# A multinomial problem has been solved programmatically, could someone please give a hint about how to solved it mathematically?

This post gives an example of Multinomial Distribution.

Two chess players have the probability Player A would win is 0.40, Player B would win is 0.35, game would end in a draw is 0.25.

The multinomial distribution can be used to answer questions such as: “If these two chess players played 12 games, what is the probability that Player A would win 7 games, Player B would win 2 games, the remaining 3 games would be drawn?”

That post has solved the problem programmatically in R.

dmultinom(x=c(7,2,3), prob = c(0.4,0.35,0.25))
## [1] 0.02483712


Could someone please give a hint about how to solved the problem mathematically?

someone gave a formula for this

$$n = \frac{12!}{7! \times 2! \times 3!}$$

the denominator represents all the possible unique ways to get the combination of (Player A wins 7 games, Player B wins 2 games, 3 drawn)

what does the $$12!$$ part represent?

the corresponding R code is

(factorial(x = 12) / (factorial(x = 7) * factorial(x = 2) * factorial(x = 3))) * (0.4 ^ 7) * (0.35 ^ 2) * (0.25 ^ 3)


and got

#> [1] 0.02483712


the result is equal to the first one, but why? where does this code from?

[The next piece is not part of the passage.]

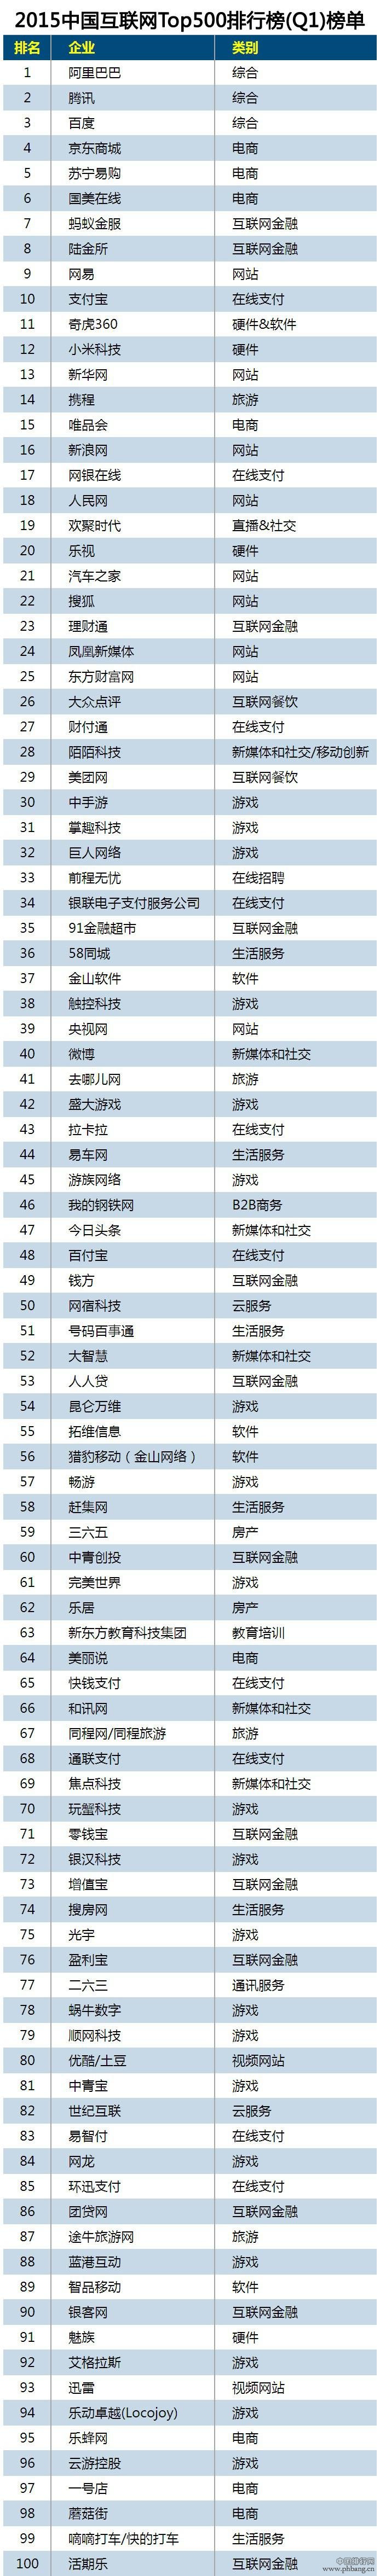 2015年Q1中国互联网企业Top500排行榜全榜单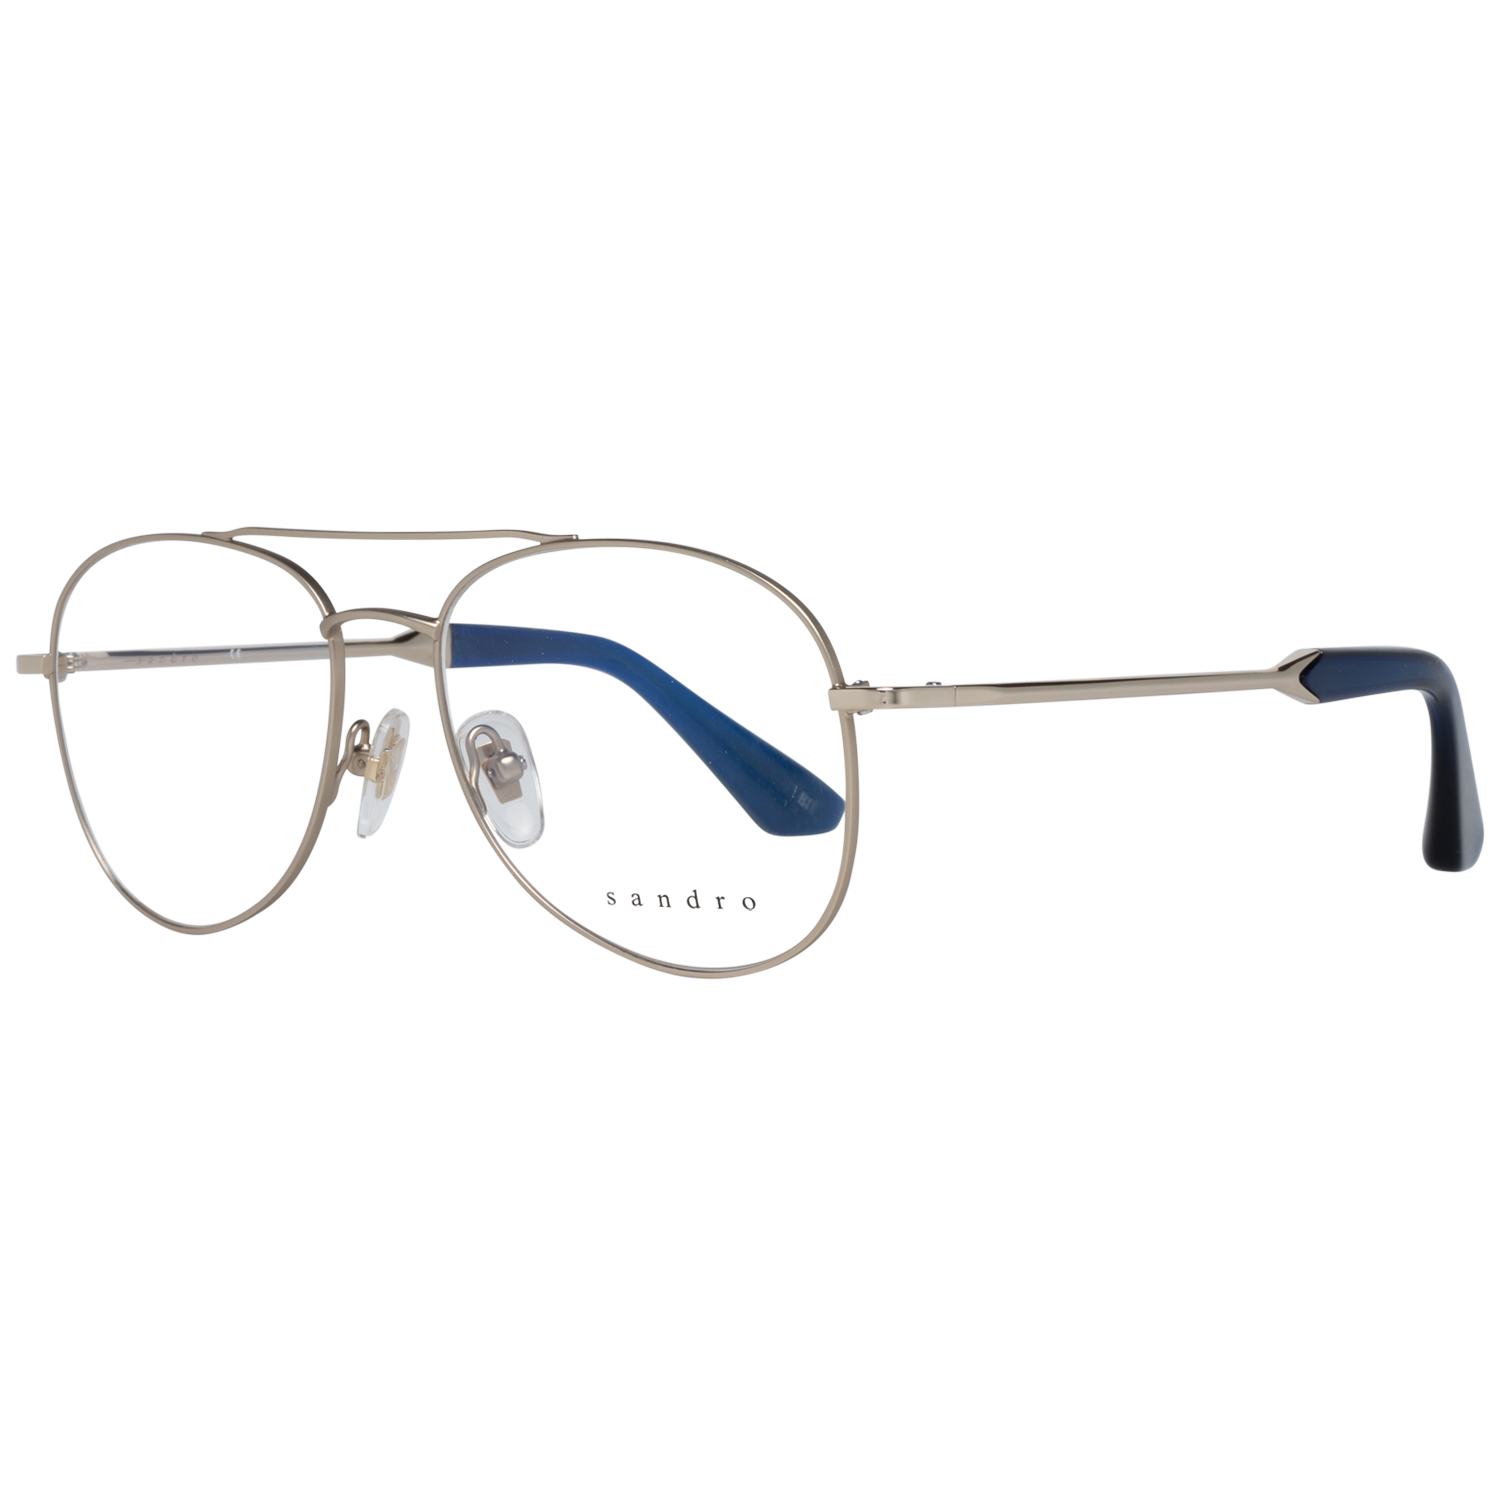 Sandro Frames Sandro Optical Frame SD4003 903 51 Eyeglasses Eyewear UK USA Australia

• If you really want to understand the meanings of the factorials, like $12!,$ then see my explanation at stats.stackexchange.com/a/415878/919. BTW, that R code is useful for textbook exercises but fails (due to underflow or overflow) on real problems where the numbers might be a little larger. Use logarithms and log factorials (lfactorial) instead. – whuber Oct 15 '19 at 13:10
• en.wikipedia.org/wiki/Multinomial_distribution think about these games as making 12 rolls of 3-sided dice and apply formula ------------------------------ if you would want me to add more just add comment – quester Oct 15 '19 at 18:56

What we need to solve this question are two things
1) How likely is one pattern where player A wins 7 games, Player B two games, and 3 draws. For example AAAAAAABBDDD This is $$p = 0.4^7*0.35^2*0.25^3 = 3.136^{-6}$$

2) The number of patterns with 7 wins for A two wins for B and 3 draws.
This is a permutation of multisets (see Wikipedia) $$n!/k_1!k_2!...k_m!$$
$$n$$ = number of elements and n! is the number of possible sequences of n different objects
$$k_1 ... k_m$$= Number of similar elements of each group, By dividing we correct for the n! for the fact that we do not have n different objects but instead some groups

For your chess problem n = 12 as it is the number of games,
k1 = 7 (wins for A),
k2= 2 (wins for B) and
k3= 3 (draws)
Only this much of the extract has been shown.